Spain’s prime property market has emerged as Europe’s standout performer in 2026, driven by global demand, scarce supply and continued price growth. Spanish property prices are expected to rise by 9.3% in 2026, more than double the European average of 4.3%.

According to the latest European Investor Intentions Survey by CBRE, Spain is now the most attractive country in Europe for real estate capital, overtaking long-established markets such as Germany, France and the United Kingdom.

Home sales in the first half of 2025 reached 379,484, the highest H1 figure since before the financial crisis and 32.6% above the decade average. Over 70% of luxury property transactions in Spain involve foreign buyers, with this figure exceeding 80% in the most popular coastal and island areas. In 2025, foreign nationals completed nearly 97,300 property purchases across the country — a new record.

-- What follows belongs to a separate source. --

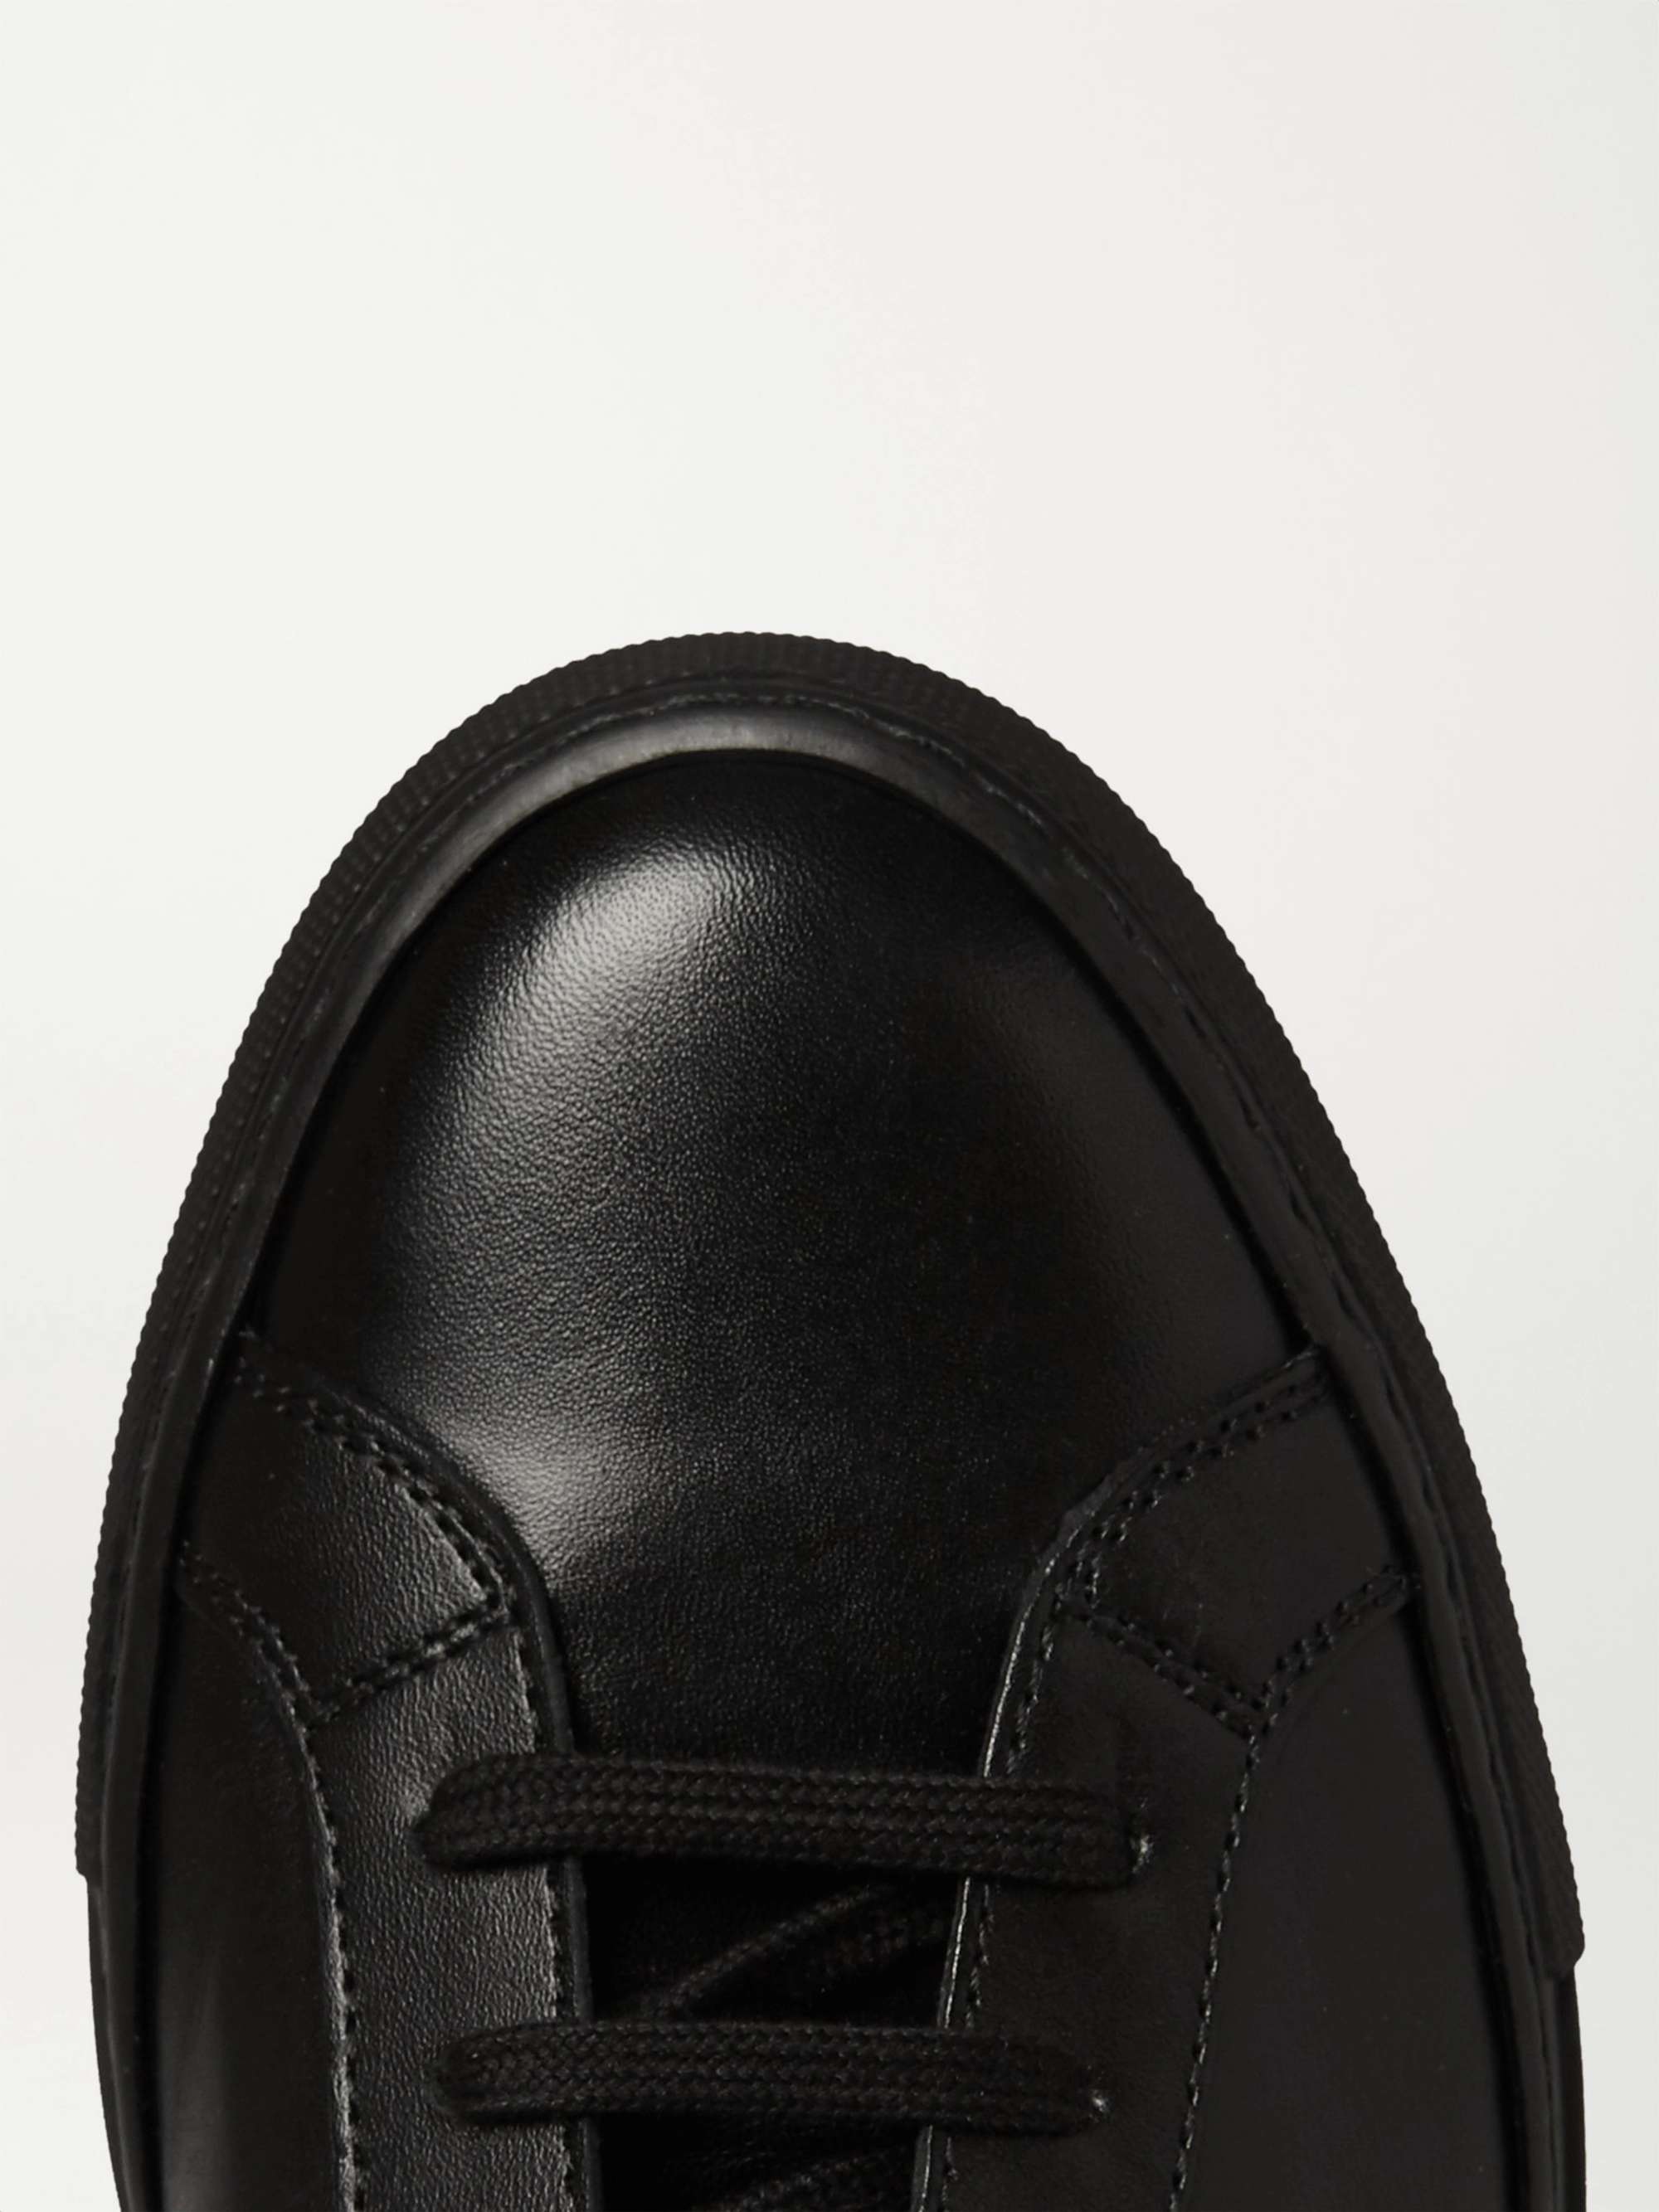 Black Original Achilles Leather High-Top Sneakers | COMMON PROJECTS | MR  PORTER

Spain now sits in Europe’s Top 3 for prime revaluation, outperforming nine of twelve key property markets over the past five years. This comprehensive analysis explores why Spain has become Europe’s luxury real estate powerhouse and what this means for investors in 2026.

Key Takeaways & The 5Ws

  • You can benefit from Spain’s position as Europe’s top real estate investment destination according to CBRE’s 2026 survey
  • You should expect prime property prices to rise 6-10% in 2026, outpacing the European average of 4.3%
  • You can capitalize on foreign buyer dominance, which accounts for over 70% of luxury transactions in coastal areas
  • You need to understand that structural supply shortages of 600,000 homes are driving sustained price growth
  • You benefit from Spain’s €18.4 billion investment volume in 2025, forecast to reach €19-21 billion in 2026
Who is this for?
International investors, ultra-high net worth individuals, and family offices seeking European luxury real estate opportunities.
What is it?
Spain’s luxury real estate market achieving Europe’s highest growth rates and investment volumes, with prime properties commanding premium valuations.
When does it matter most?
Now through 2026, as supply constraints and record foreign demand create optimal conditions for capital appreciation.
Where does it apply?
Costa del Sol, Balearic Islands, Valencia, Madrid, Barcelona, and other prime Spanish coastal and urban markets.
Why consider it?
Spain offers Europe’s strongest price growth, structural supply deficits, and the continent’s most attractive investment fundamentals.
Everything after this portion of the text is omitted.